--- EXERCISE REQUIREMENTS ---
Restate word for word the part of the material that runs from the line containing "Bridgestone Turanza ER" through its final line, inclusive, minus the pictures.

--- DATA PROVIDED ---
--- START ---
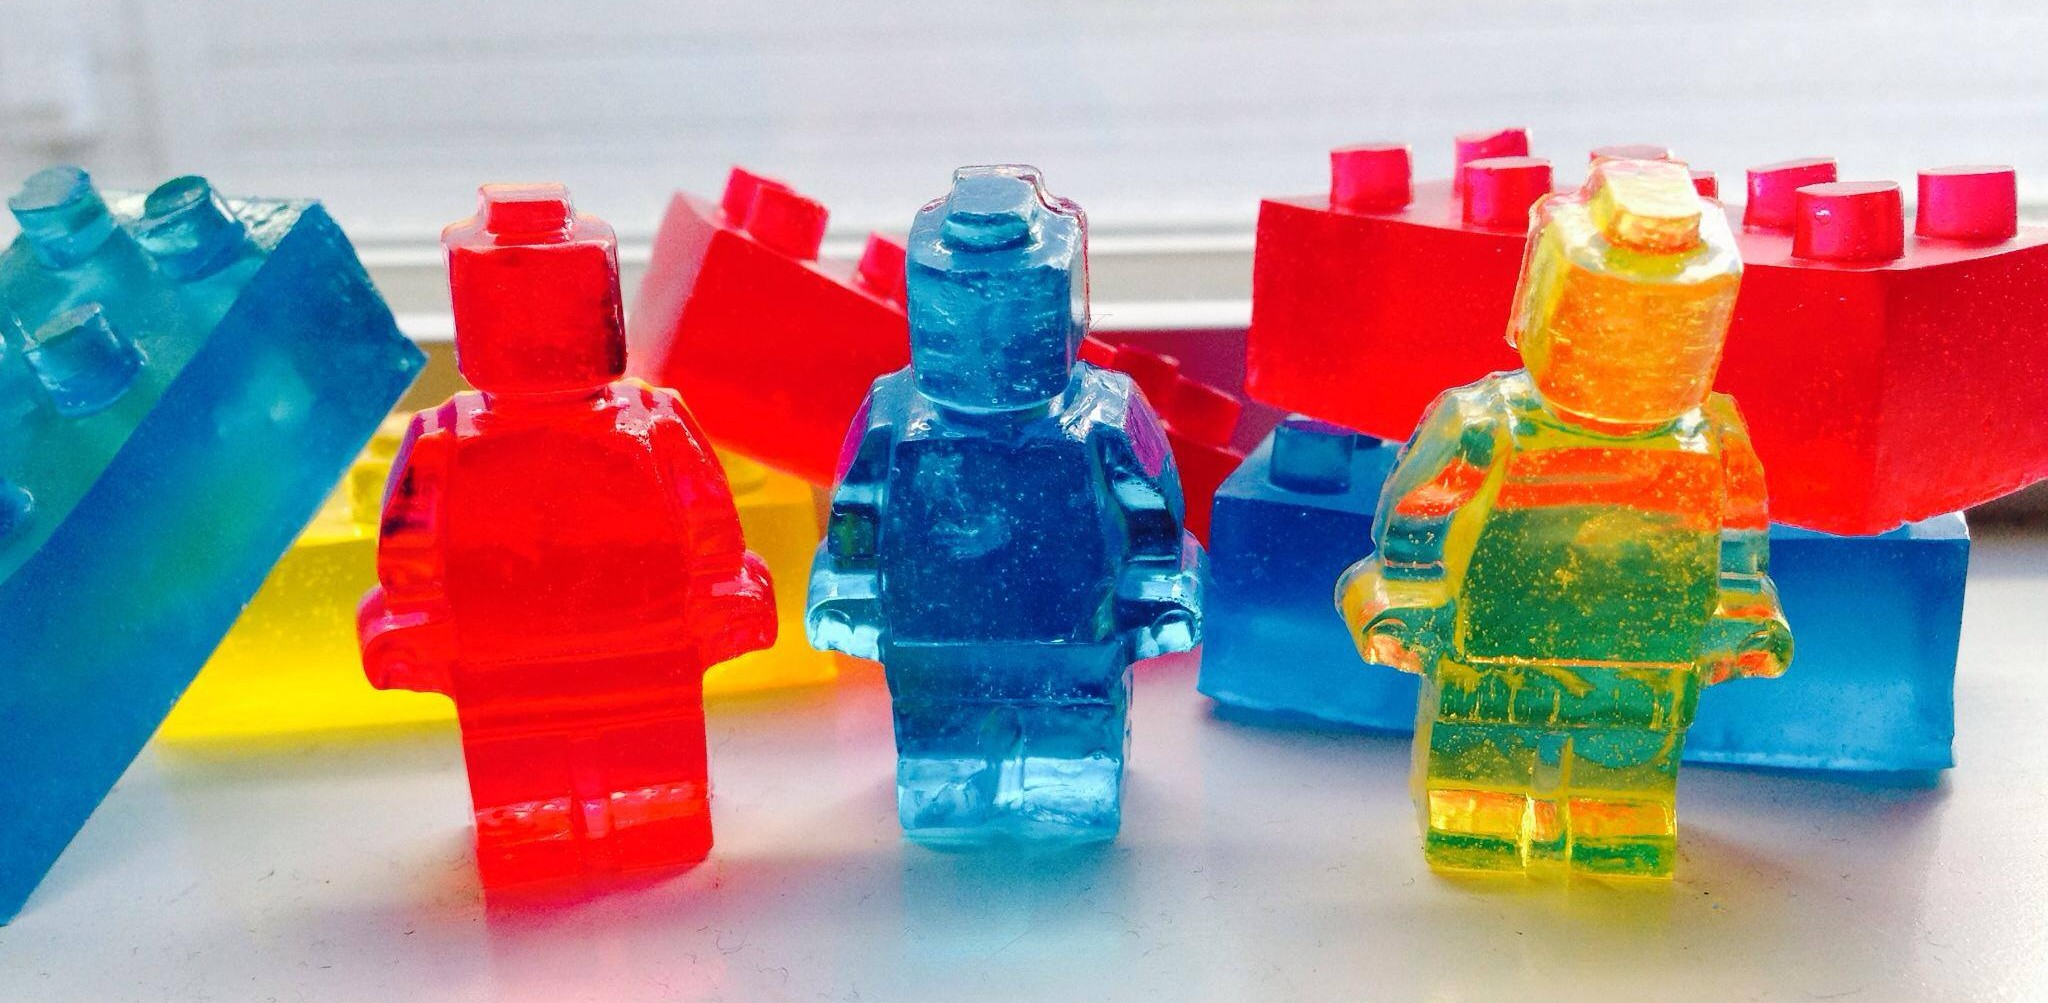 Aprenda como preparar uma gelatina de Lego
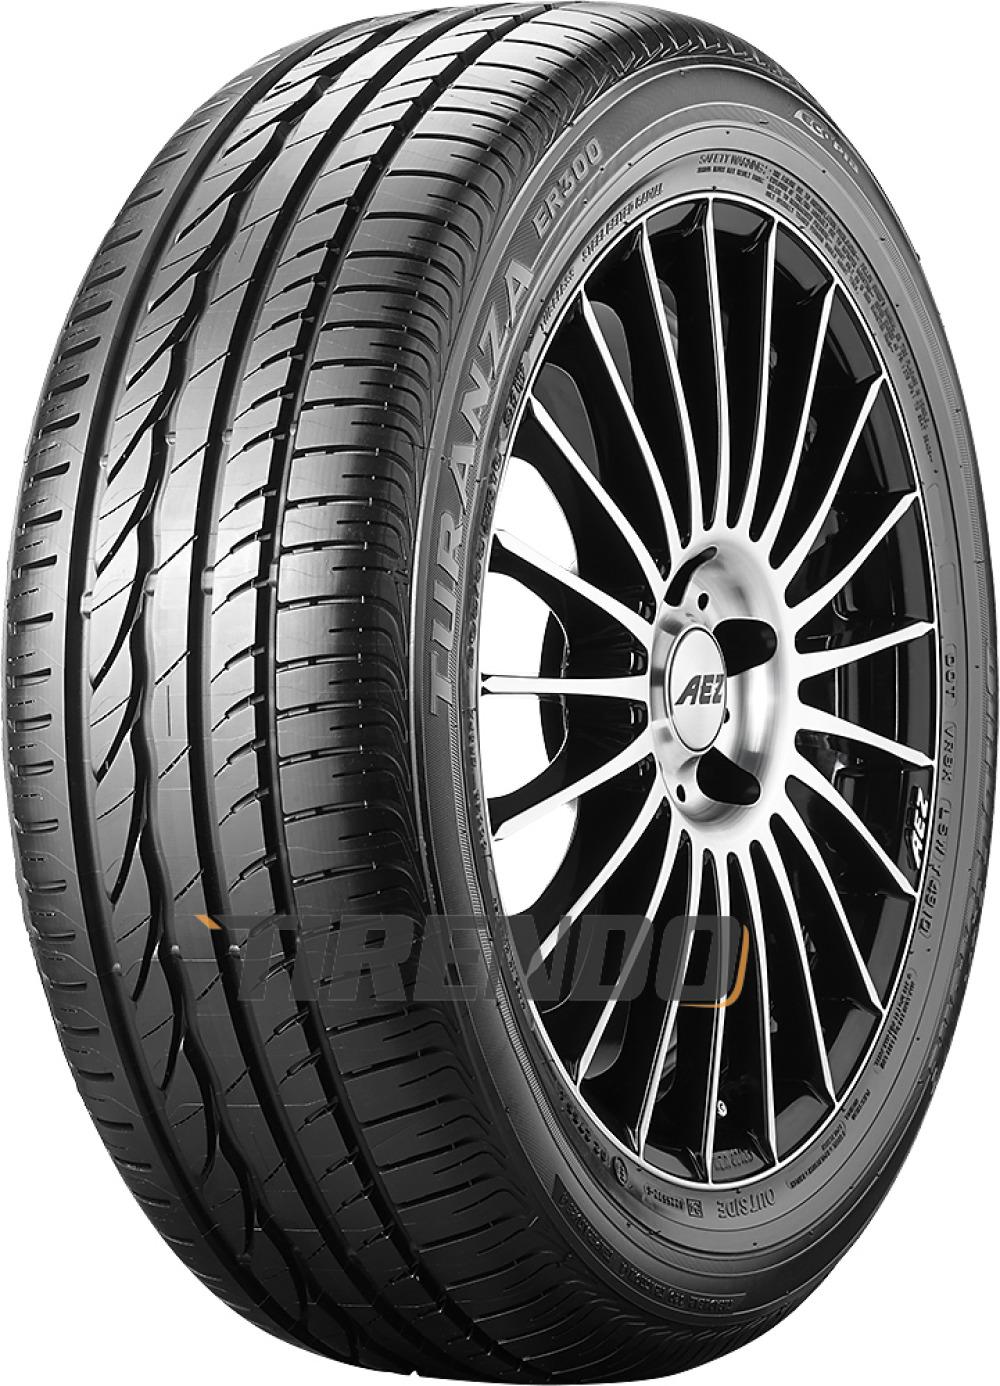 Bridgestone Turanza ER 300 Ecopia ( 205/55 R16 94H XL mit Felgenschutz (MFS) )
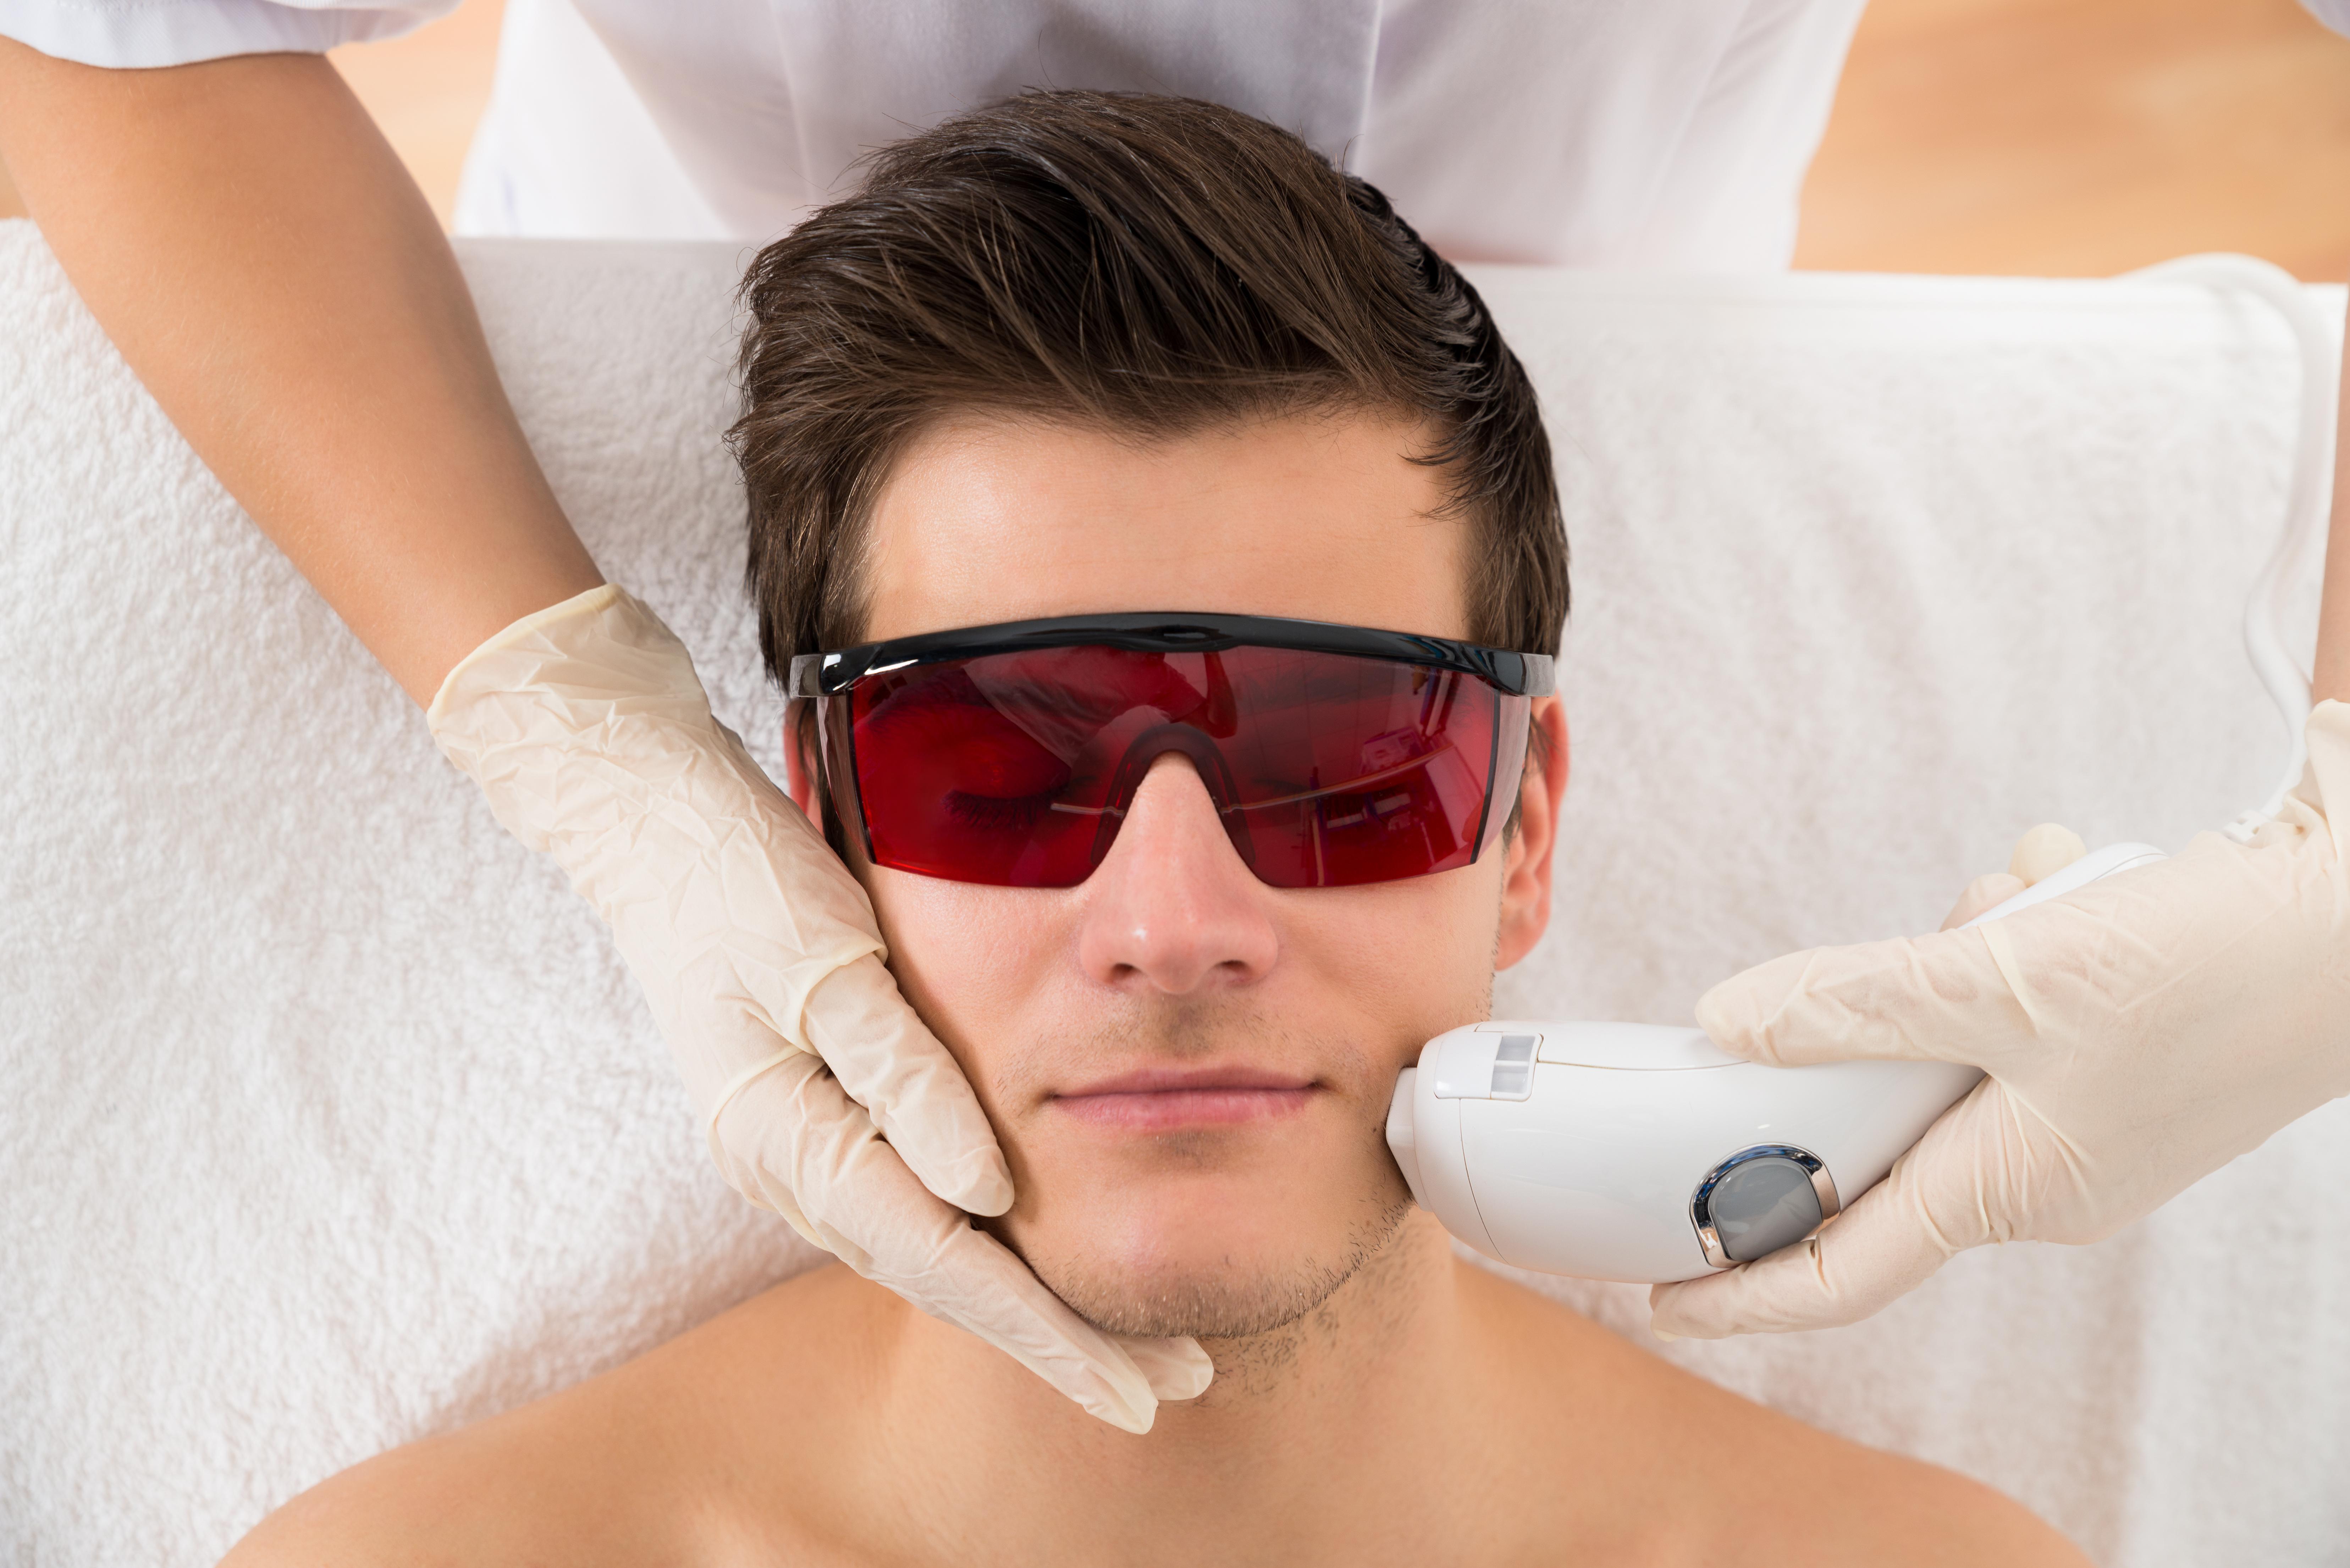 Laser Hair Treatment for Men
--- END ---
--- FINISHED TASK ---
 Bridgestone Turanza ER 300 Ecopia ( 205/55 R16 94H XL mit Felgenschutz (MFS) )
 Laser Hair Treatment for Men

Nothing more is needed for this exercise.